_Given data:_
________________________________________

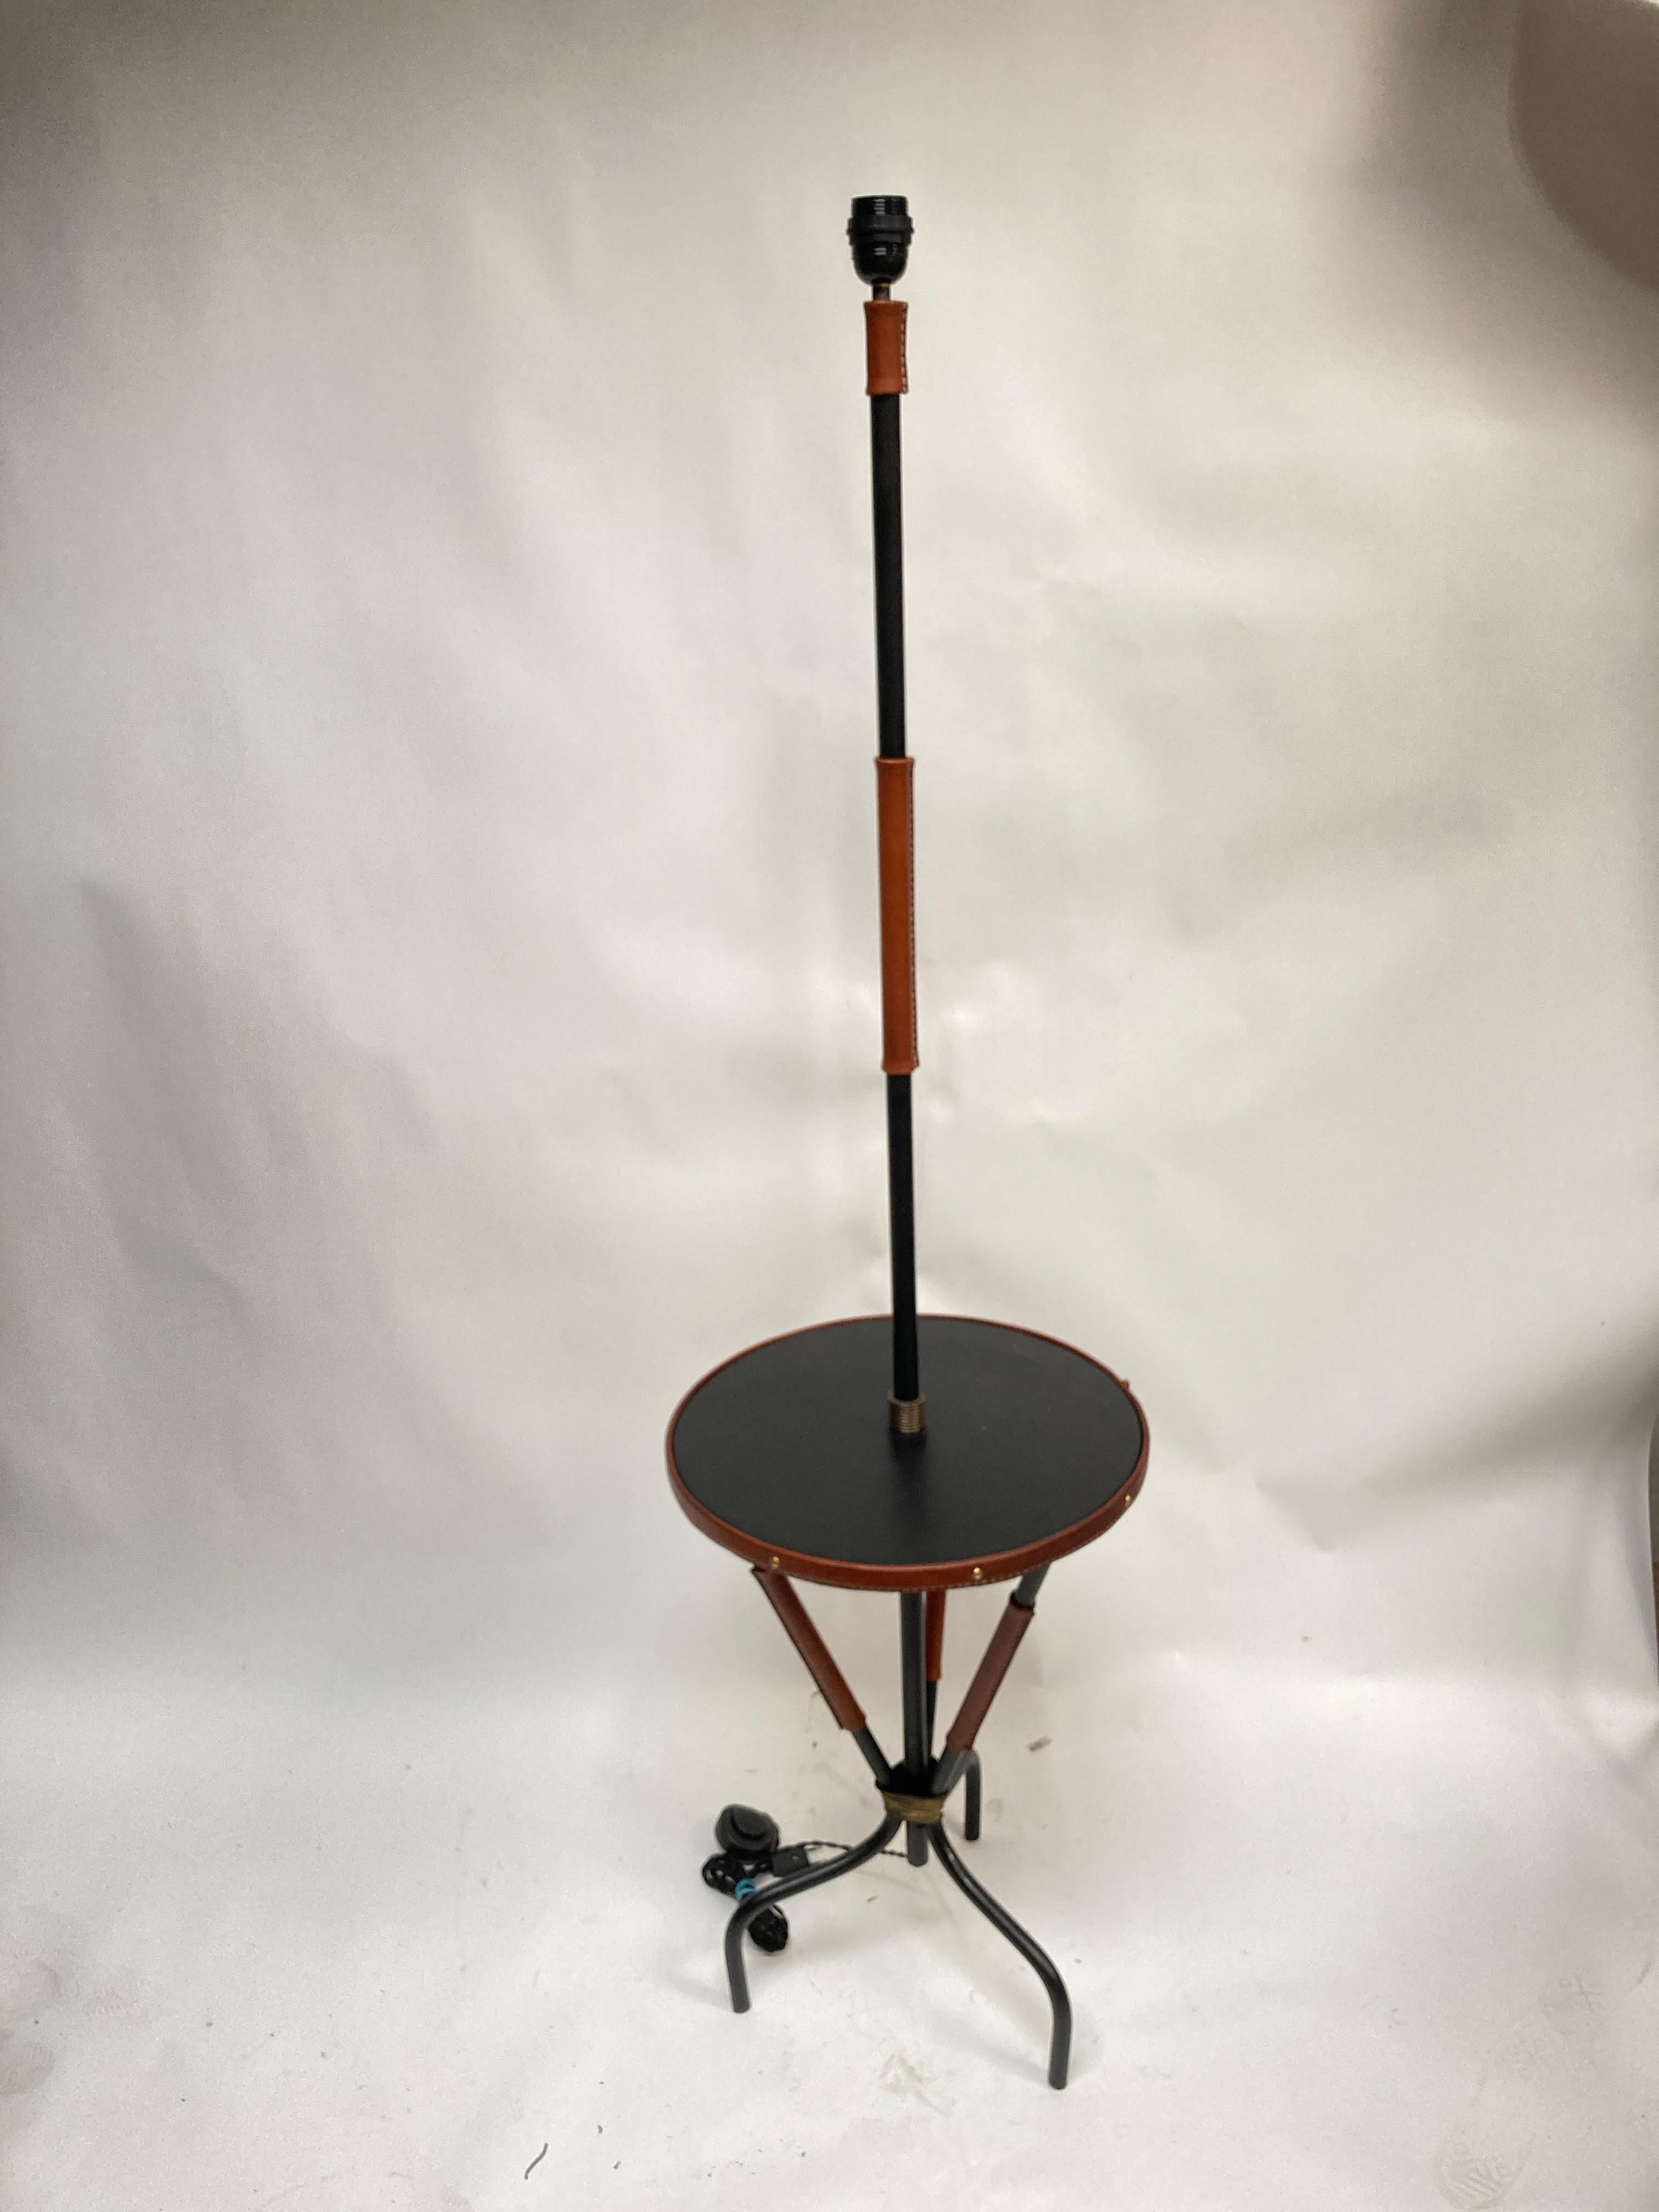 1950's Stitched Leather Floor lamp By Jacques Adnet
Dimensions given without shade
No shade included

________________________________________

_What you have to do:_ Print each line of the material above exactly, with the pictures removed from your copy.

_Solved problem:_
 1950's Stitched Leather Floor lamp By Jacques Adnet
Dimensions given without shade
No shade included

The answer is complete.